* EXERCISE GOAL *
Write out every line below again exactly as it stands, skipping each image.

* COLLECTED MATERIAL *
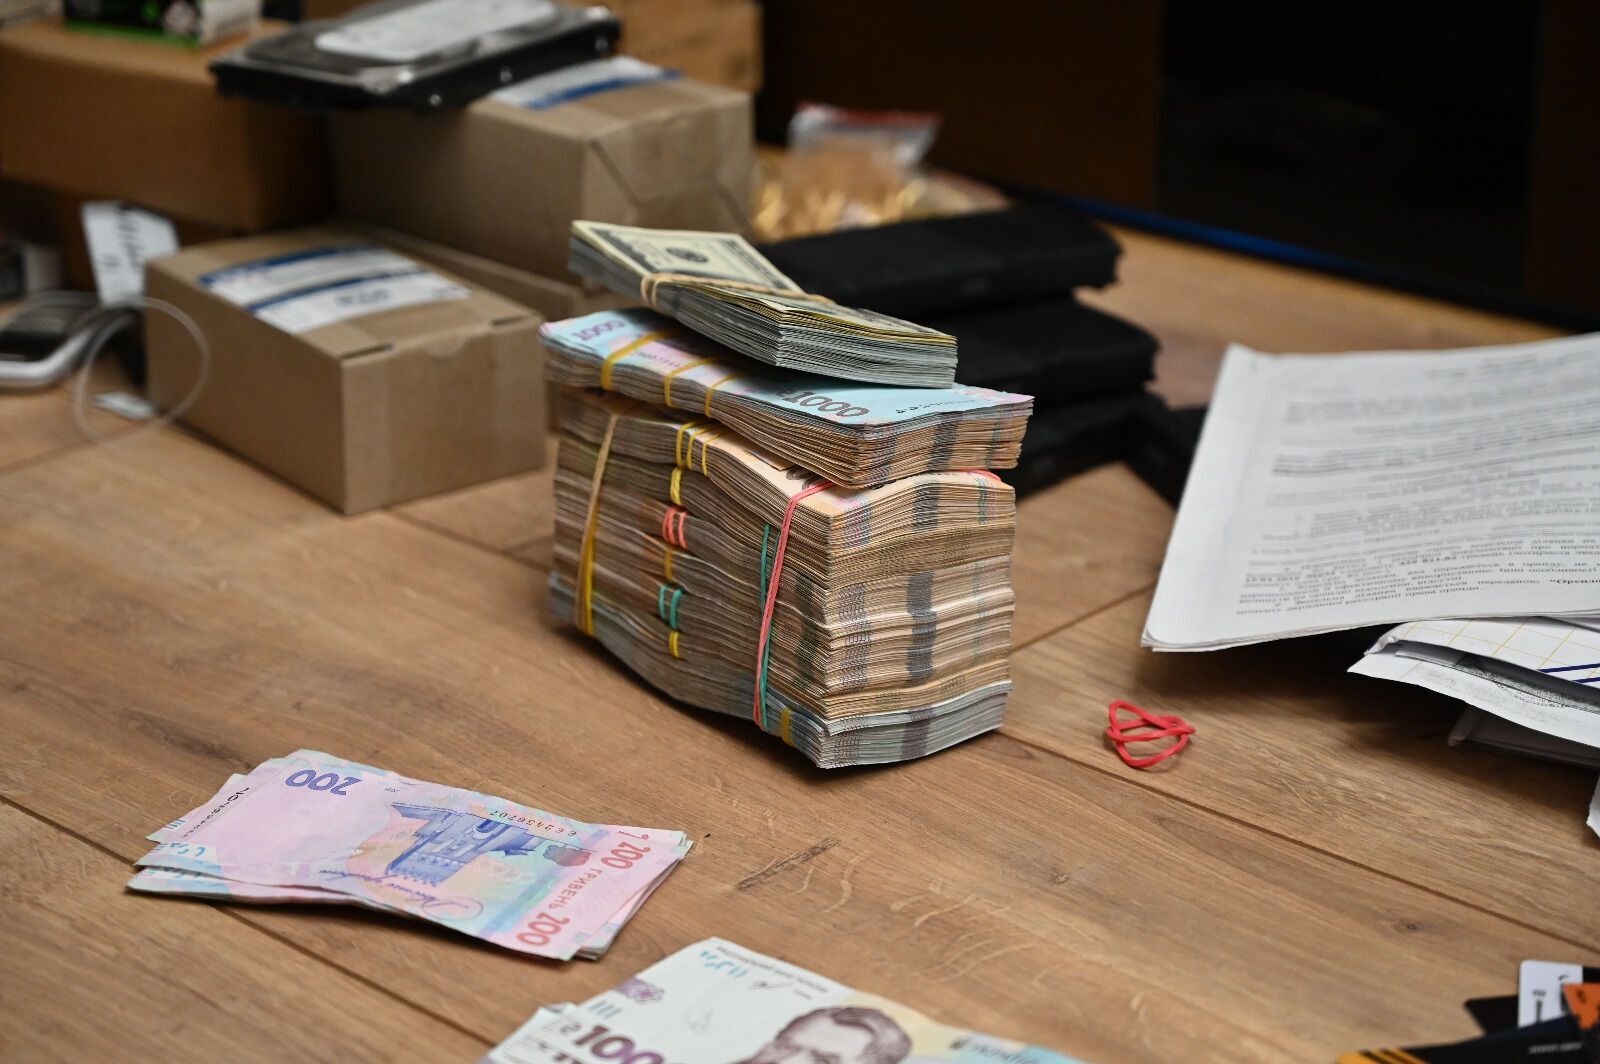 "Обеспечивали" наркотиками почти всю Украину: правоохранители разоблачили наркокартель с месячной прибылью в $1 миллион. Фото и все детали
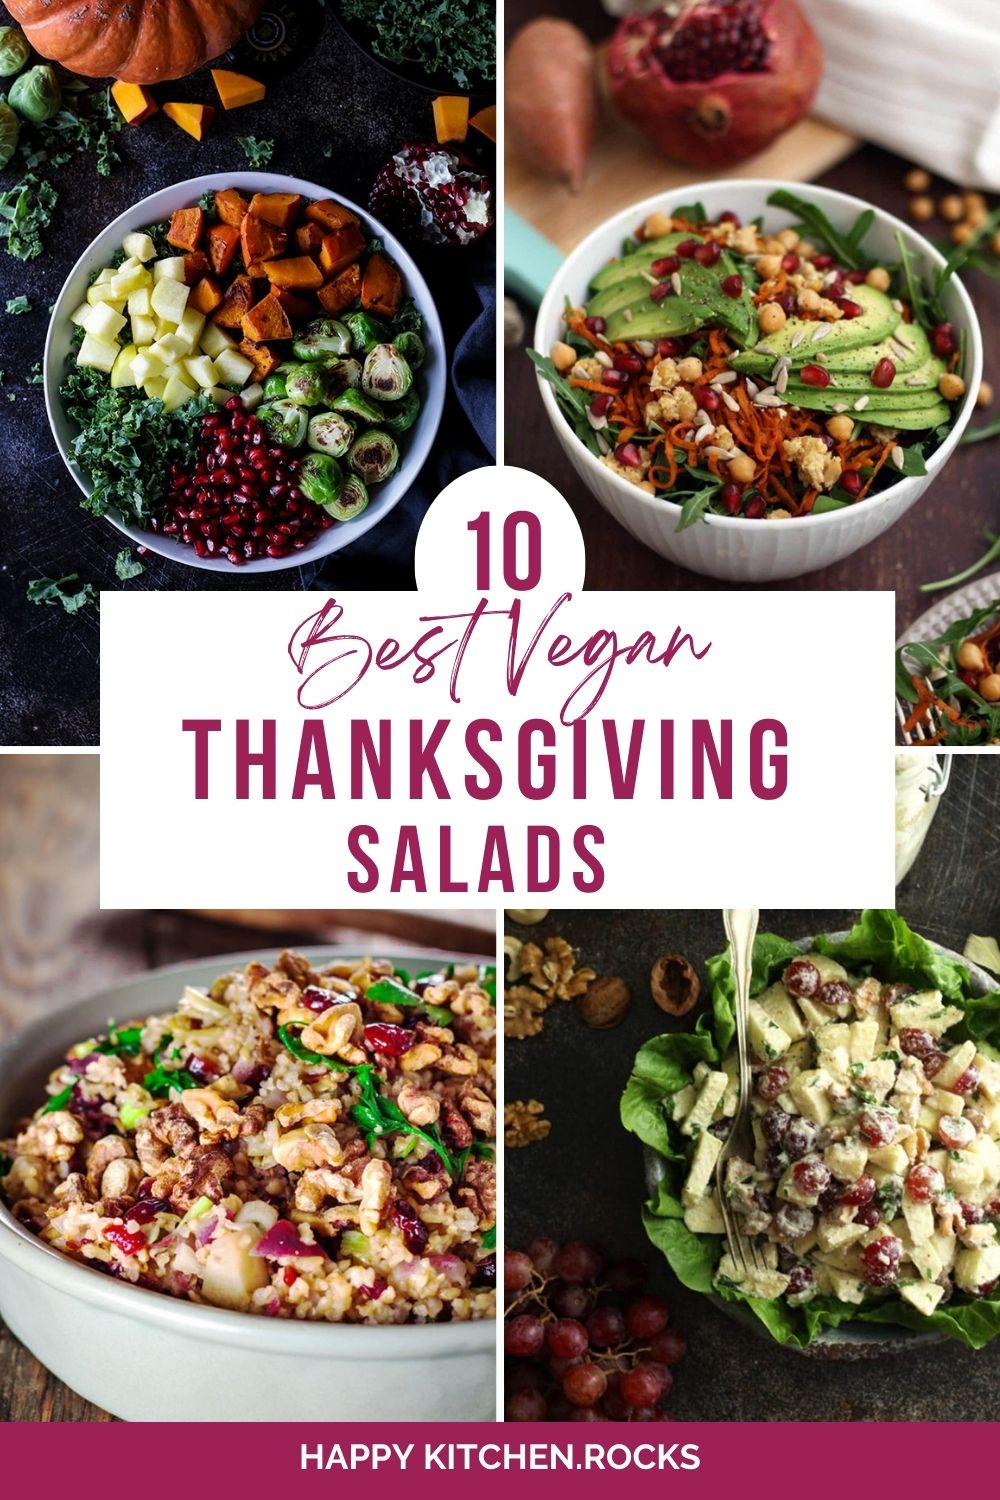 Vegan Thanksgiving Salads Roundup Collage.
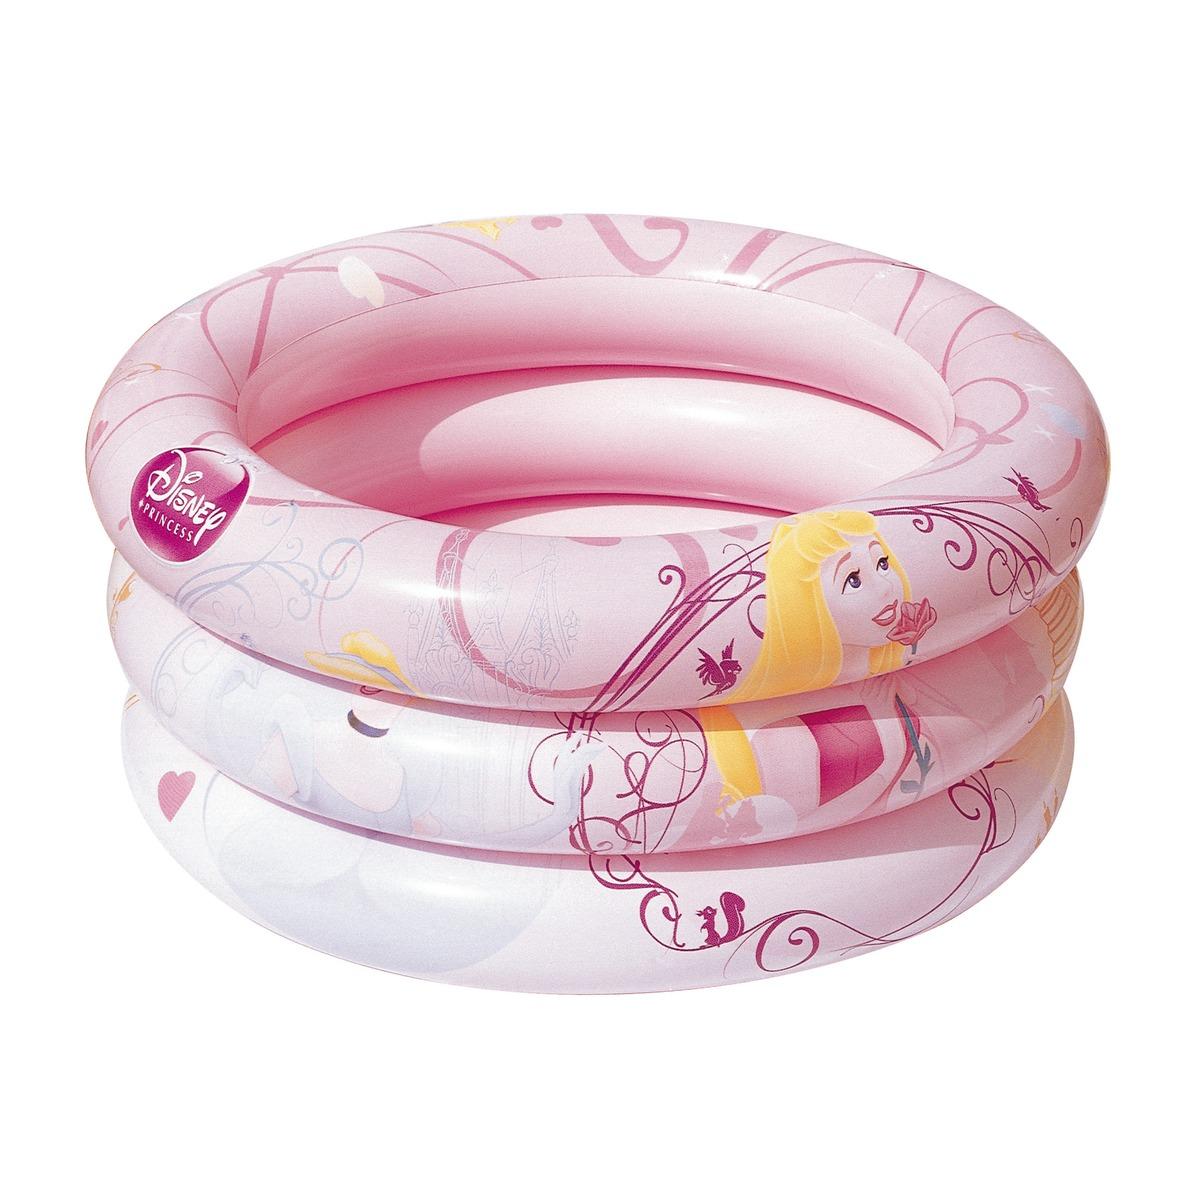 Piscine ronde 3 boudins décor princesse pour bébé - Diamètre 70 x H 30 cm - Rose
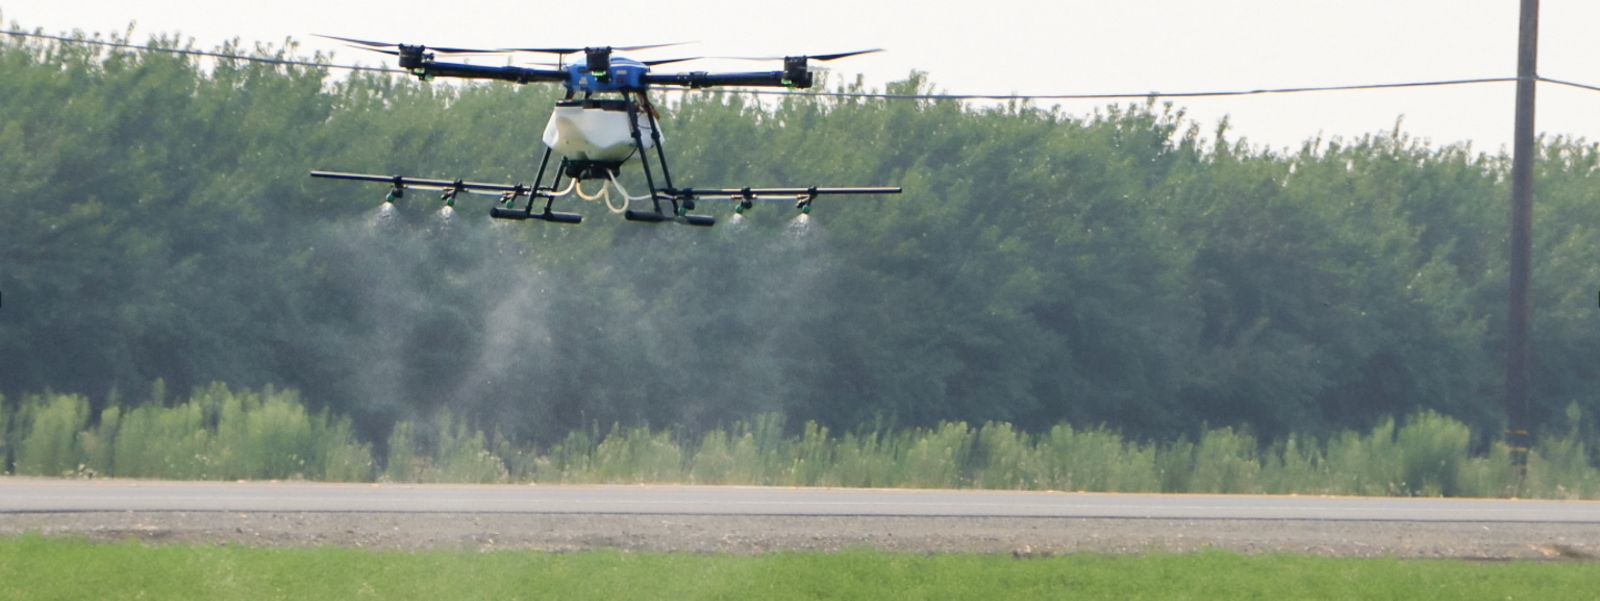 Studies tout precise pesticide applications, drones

* ANSWER TO THIS EXERCISE *
 "Обеспечивали" наркотиками почти всю Украину: правоохранители разоблачили наркокартель с месячной прибылью в $1 миллион. Фото и все детали
 Vegan Thanksgiving Salads Roundup Collage.
 Piscine ronde 3 boudins décor princesse pour bébé - Diamètre 70 x H 30 cm - Rose
 Studies tout precise pesticide applications, drones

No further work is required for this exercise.